Fazıl Say Davası

103

 

Fazıl Say hakkında İstanbul 19. Sulh Ceza Mahkemesi 10 ay hapis cezası verdi.

Bu karara karşı bilenler bilmeyenler medya mensupları köşe yazarları Say lehine büyük tepkiler gösterdiler.

Ne demiş Fazıl Say:

Rakı Cennette  varsa Cehennemde yoksa o zaman ne olacak? Asıl önemli olan soru bu.

Bilmem fark ettiniz mi, nerede YA….K adi magazinci hırsız, şaklaban varsa hep Allah çı bu bir Paradoks mu?

Ateistim ve bunu bu kadar rahat söyleyebildiğim için gururluyum.

Irmaklarından şaraplar akacak diyorsun. Cennet meyhanemidir? Her mümine huri vereceğim diyorsun Cennet kerhanemidir?

Bu cümlelerden sadece Fazıl Say’ın Ateist olması ve bunu gururla ifade etmesi bizi ilgilendirmez. Diğer sözler %99 Müslüman olan bir ülkede Müslüman Türk insanının inançlarına saldırı ve alay etmektir. Bu sebeple de suç’un maddi unsurları oluşmuştur.

Fazıl Say’a İstanbul 19. Sulh Ceza Mahkemesi Türk Ceza Kanununun 216/3 ve 218/1. Maddelerinden ceza vermiştir.

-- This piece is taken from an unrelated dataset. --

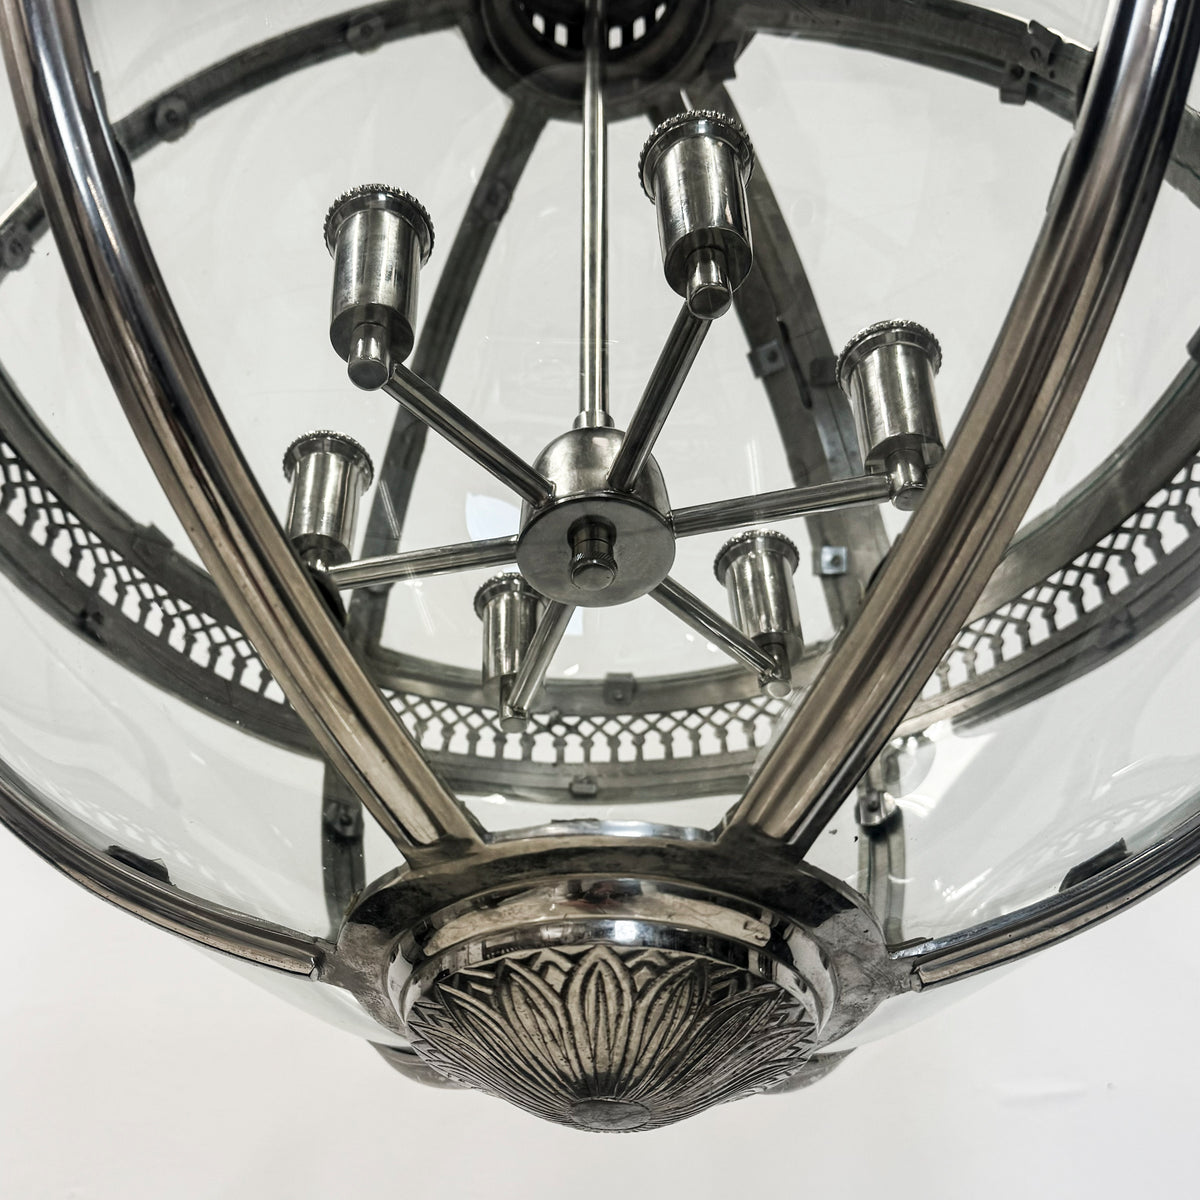 Antique Polished Steel Sphere Globe Pendant Light | The Architectural Forum

Bu cezayı verirken hâkim sanığa sorar verilen cezanın ertelenmesini istiyor musun?

Eğer sanık istemiyorsa “hayır istemiyorum yargılamama devam edilsin ve beraatımı istiyorum” diye beyanda bulunursa o zaman mahkeme hâkimi erteleme kararı veremez. Ve sanığın suçunu sabit görürse ceza verir veya dosya kapsamına göre suç subute ermemişse beraat kararı verir. Demek ki Fazıl Say mahkeme hâkimimin bu sorusuna olumlu yanıt vermiş ve erteleme talebini kabul etmiştir.

Bazı köşe yazarları “vay efendim Fazıl Say temyiz hakkını kaybetti, AİHM’e gitme hakkını kaybetti diye ahkâm kesiyorlar.

Ne olur bir zahmet edin de hukuk kitaplarını okuyun ondan sonra yazın.

Hürriyet yazarı Mehmet Yılmaz olayı değerlendirirken bunları yazmış bir de kanun maddesinde geçen “halkın benimsediği değerleri aşağılamak” gibi nereye çekersen oraya uzayacak bir gerekçeyle mahkûmiyet kararının verilebildiği bir adalet sistemi fikir özgürlüğüne geçit vermez diyor”

Hâlbuki söz o kadar açık ki kutsal değerleri ve inançları basın yoluyla bu kadar çirkin bir ifadelerle aşağılamak ancak Fazıl Say gibi Ateistlerin işi olabilir.

Orhan Pamuk da hükümete çağrı da bulunuyor ” Hükümet seyirci kalmamalı” diye hani siz kuvvetler ayrılığı kurallarına saygılıydınız.

Başka önemli bir tespitimiz de kararı veren mahkeme hâkiminin ismini köşe yazılarında yazanlar. Bunu niye yazıyorsunuz? Kararı veren hâkim Türk Milleti adına makamının gereğini yapmak için karar verir. Yoksa kendi adına karar veremez.

Hâkimin ismini yazmakla toplumda kendilerine göre Fazıl Say taraflarına “işte bu hâkim böyle bir karar verdi” onu her yerde aşağılayın manası taşır. Ve bu yol çok tehlikeli bir yoldur.

Düşünen insan düşüncelerini açıkça söyleyebilmeli ancak %99 Müslüman olan bir ülkenin kutsal değerlerine de saygılı olmalıdır.

Fazıl Say “bana ceza verirlerse Türkiye’yi terk ederim ” demiştir.

Fazıl Say bir an önce Türkiye’yi terk ederse toplumsal barışa hizmet etmiş olur.